_Bio Trained as an architect, cultural analyst and scientist at the University of Toronto, Ryerson University and McGill University respectively, Lianne Ho is an artist with a burgeoning practice. Having first shown at the Museum of Contemporary Canadian Art in 2002, Distorted Political Spheres marks the renaissance of her artistic career.
_Approach Lianne Ho’s practice currently deals with themes of simulation and reality. Specific topics pertaining to this binary include: (1) the fictions of the monetary system, such as the speculative, unreal aspects of credit, the stock market and global currency, and (2) the distorted political climate as a result of digital platforms such as Twitter, Facebook. The internet and related digital technologies have played a major role in determining those who occupy seats of power. — This exploration began by posing the question, what does pictorial space look like today? The representation of space is highly inflected by the digital milieu, and our understanding of space through digital avenues is largely discordant from our understanding of space in the flesh. The result of this exploration is an archiving of the disjuncture and interplay between the propositions of the real and the digital, a reified metaphor for the condition of politics today.

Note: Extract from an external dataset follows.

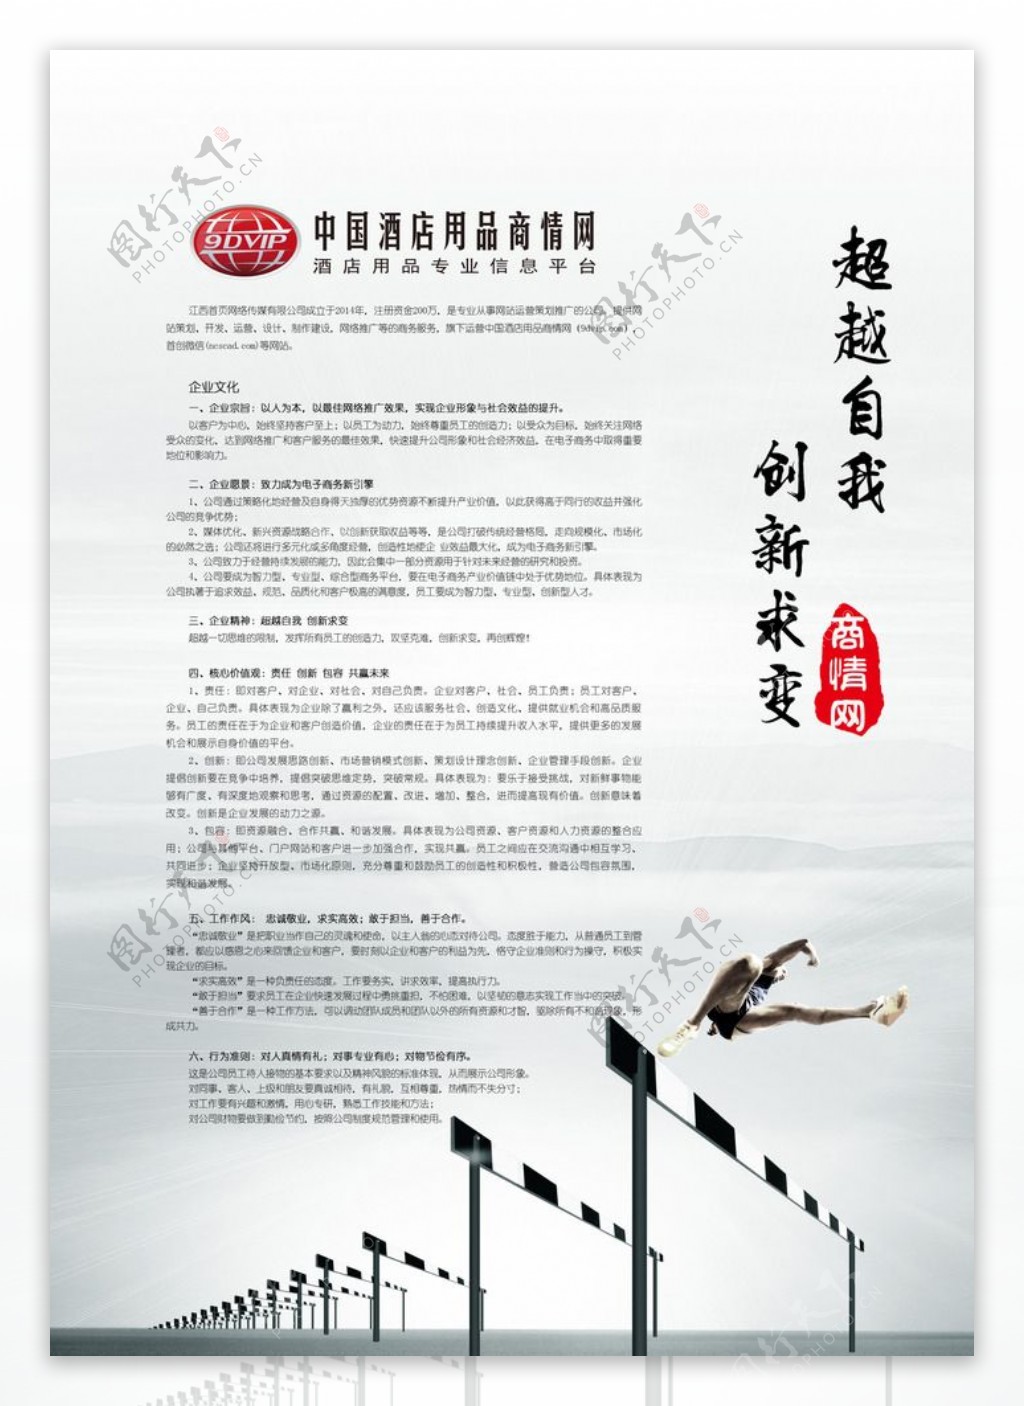 中国酒店用品商情网海报企业文化图片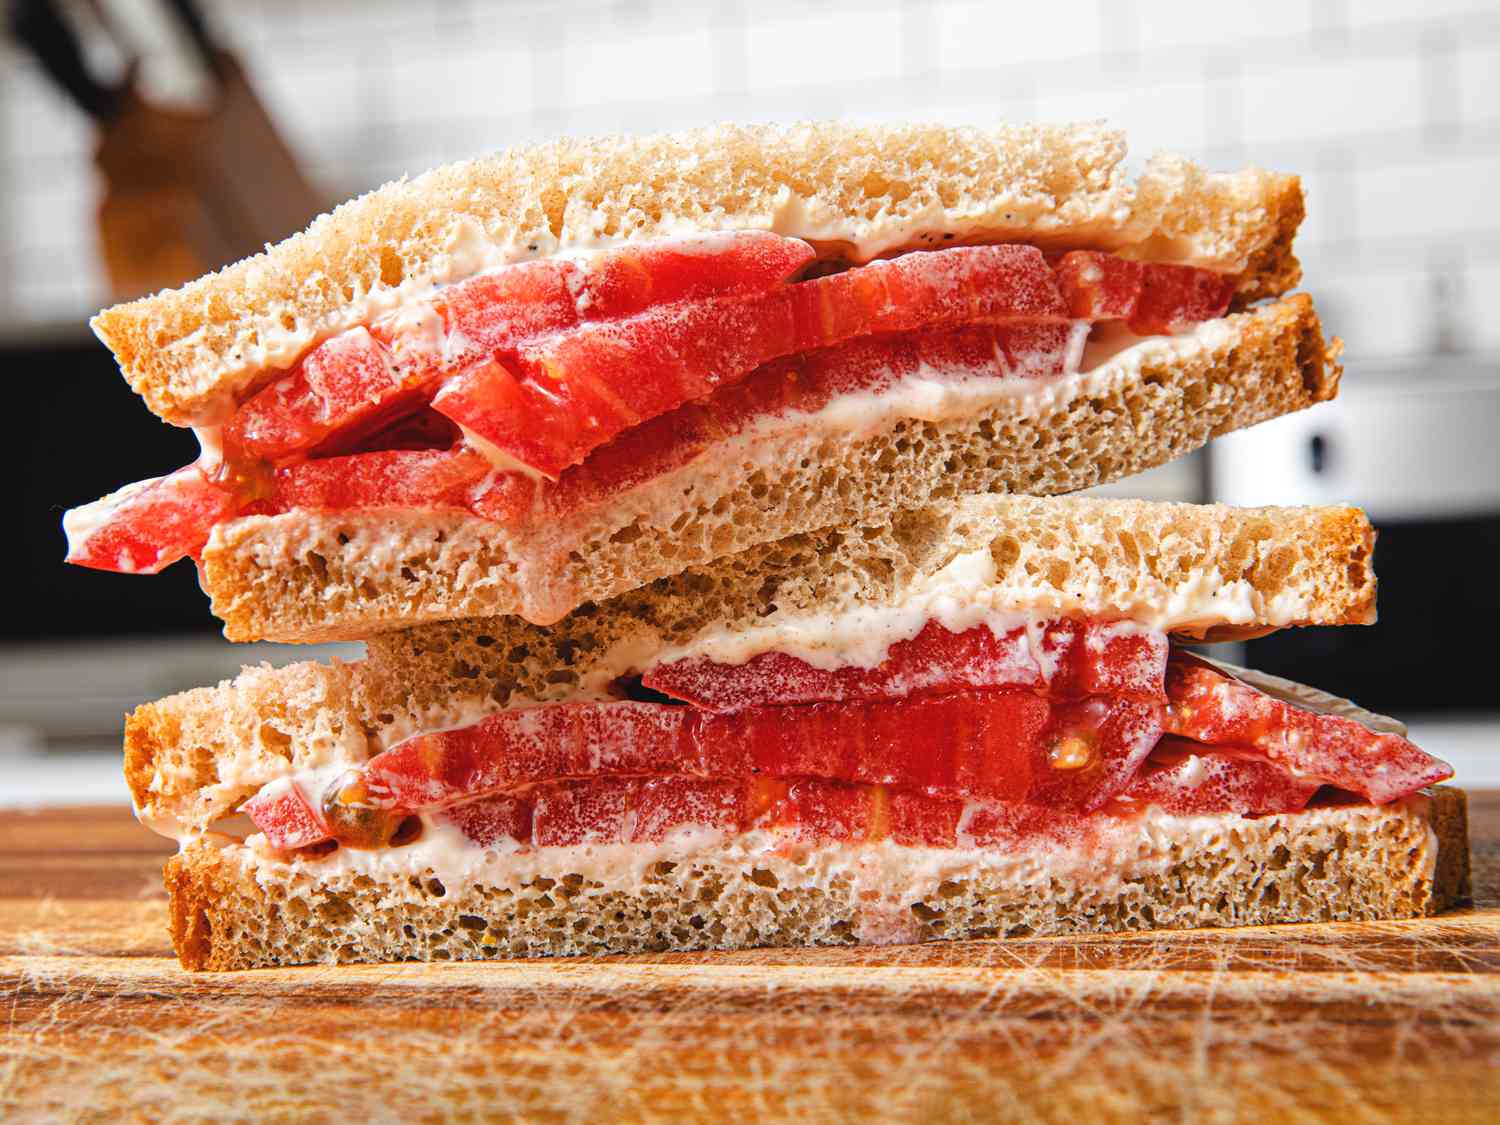 经典的番茄三明治切成段,斜剪和堆放

_Project This series is an illustration and a statement about how our current condition is one in which the real and the distorted digital interact, with serious irrevocable consequences. It examines the disjuncture between real, found, photographic representations and their digital 3D model representations of political monuments. It does so by recording on film a process of morphing the former representation into the latter to underscore their difference. The in-between image is printed, and then traced onto canvas. These paintings are a record, an archiving of an intermediary state of metamorphosis. The technique emphasizes the interplay between the real and the digital, as well as the mercurial and elusive nature of the truth in a world with propositions of both the real and the virtual. The paintings are illustrations of our current contemporary condition, one in which our tangible reality is inflected by the pervasiveness of the immaterial and largely unregulated digital medium.